**Required work**:
Repeat the lines of the data exactly and exclude any picture among them.

**Data block**:

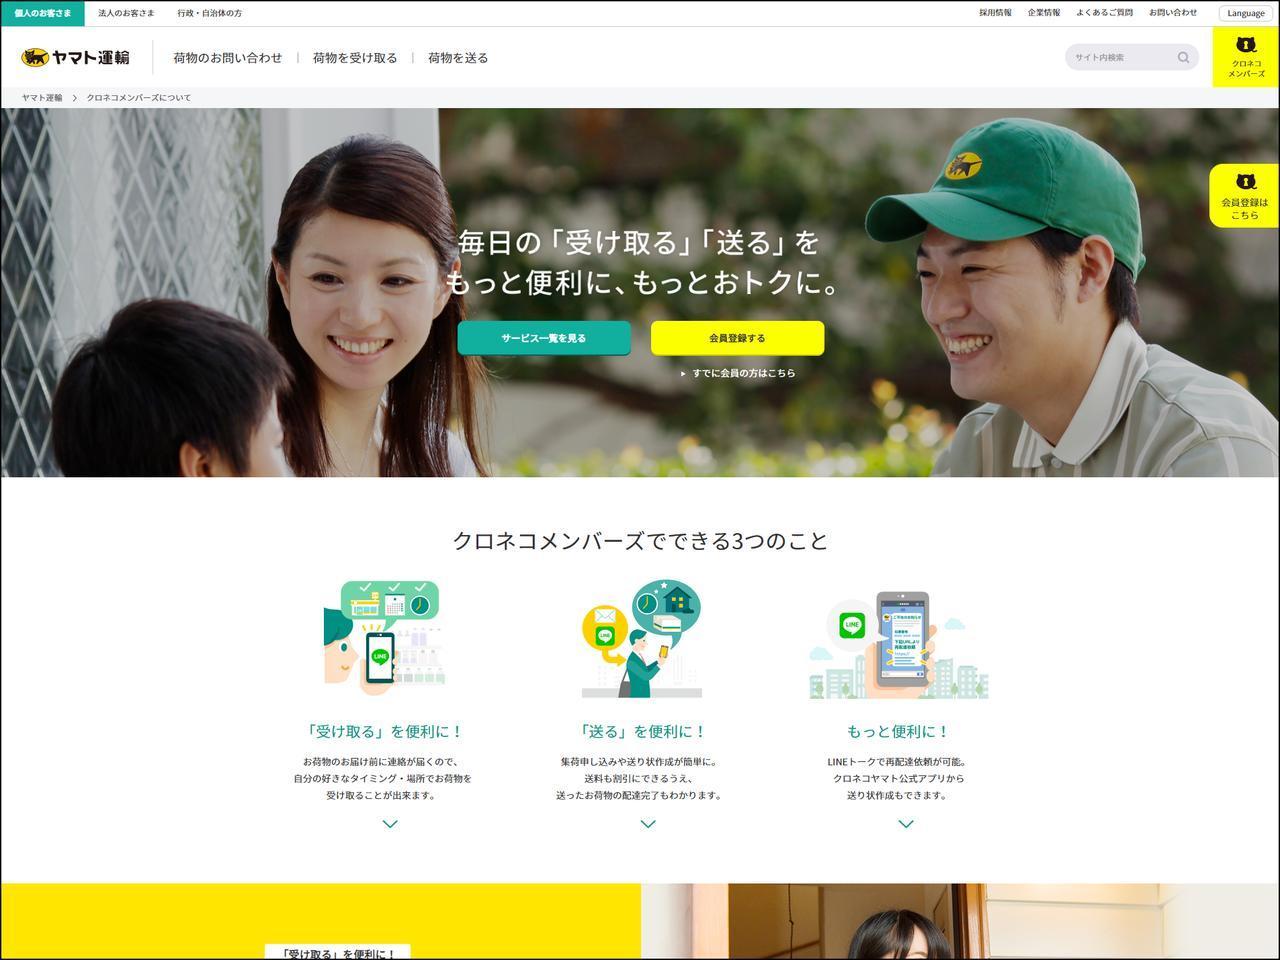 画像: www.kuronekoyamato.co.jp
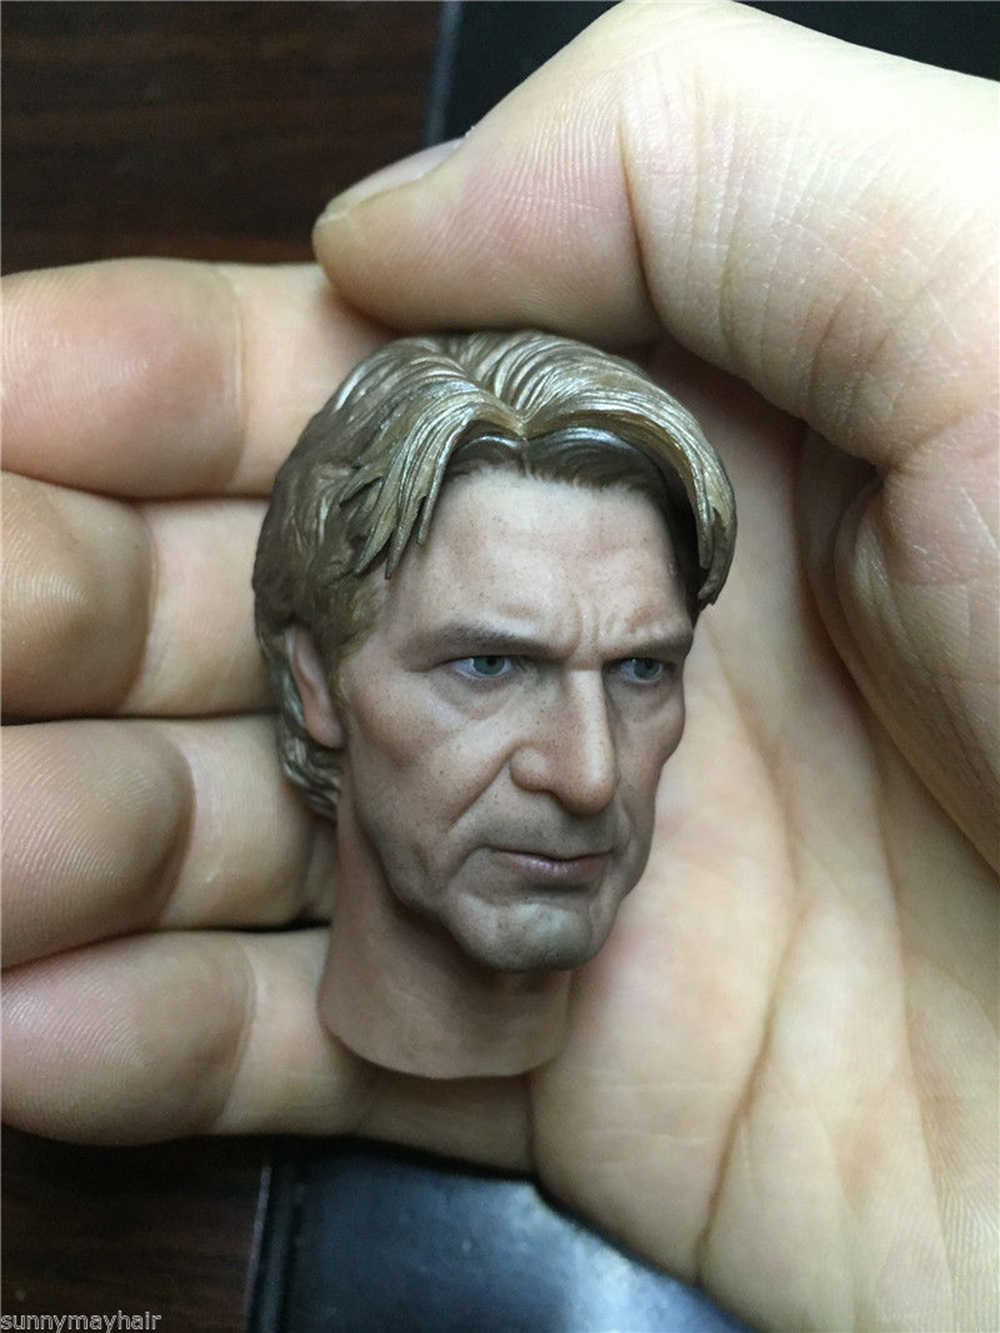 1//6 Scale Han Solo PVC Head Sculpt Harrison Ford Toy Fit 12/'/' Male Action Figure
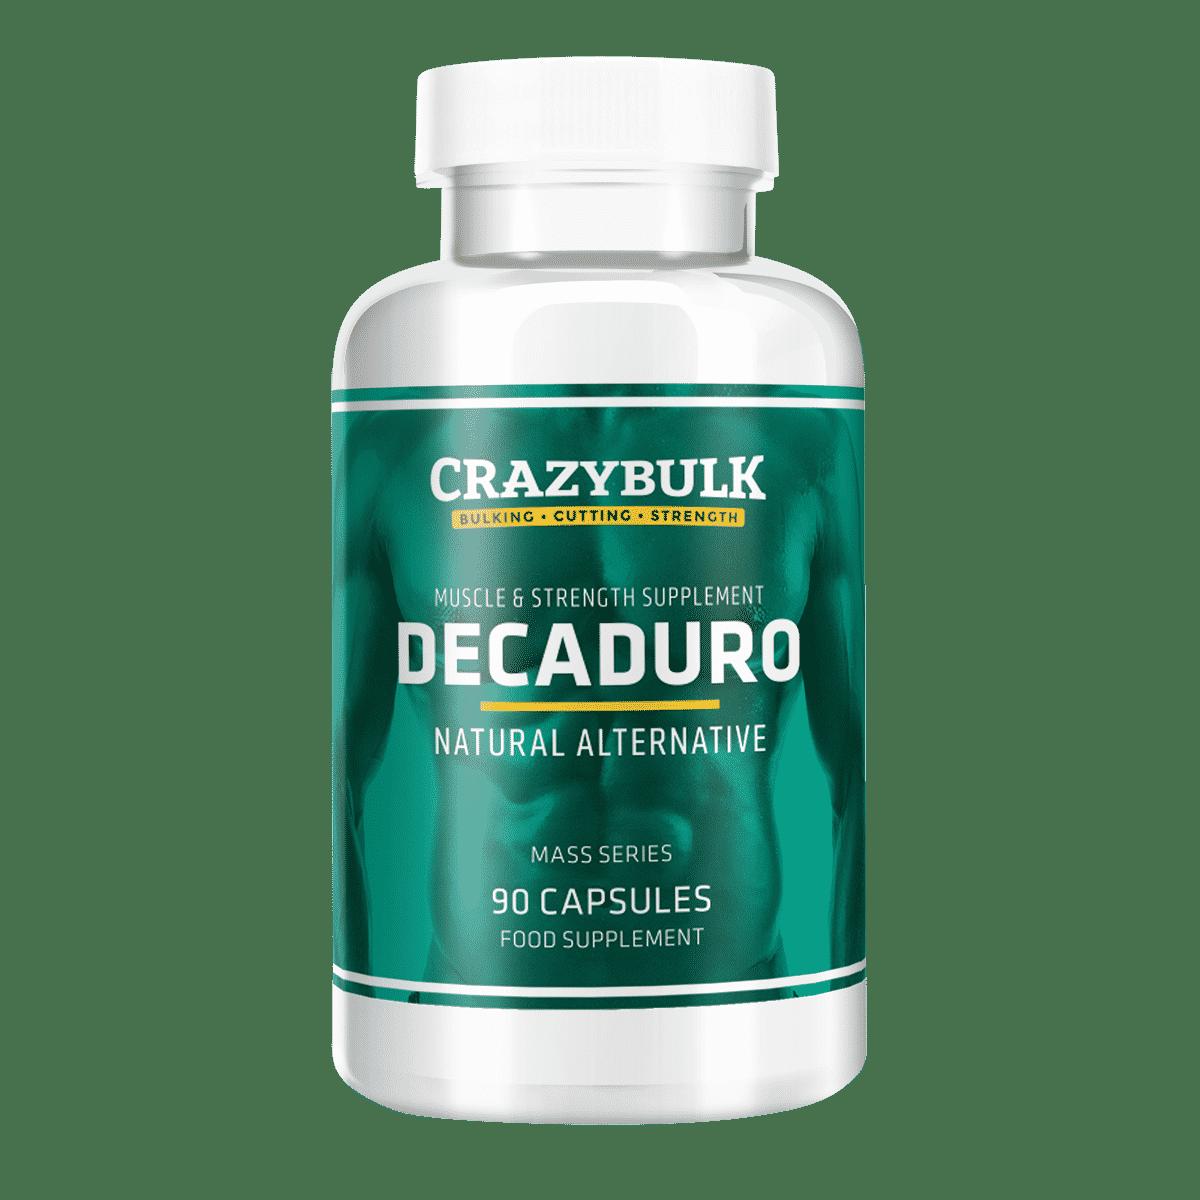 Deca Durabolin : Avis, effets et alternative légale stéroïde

**Output of the task**:
 画像: www.kuronekoyamato.co.jp
 1//6 Scale Han Solo PVC Head Sculpt Harrison Ford Toy Fit 12/'/' Male Action Figure
 Deca Durabolin : Avis, effets et alternative légale stéroïde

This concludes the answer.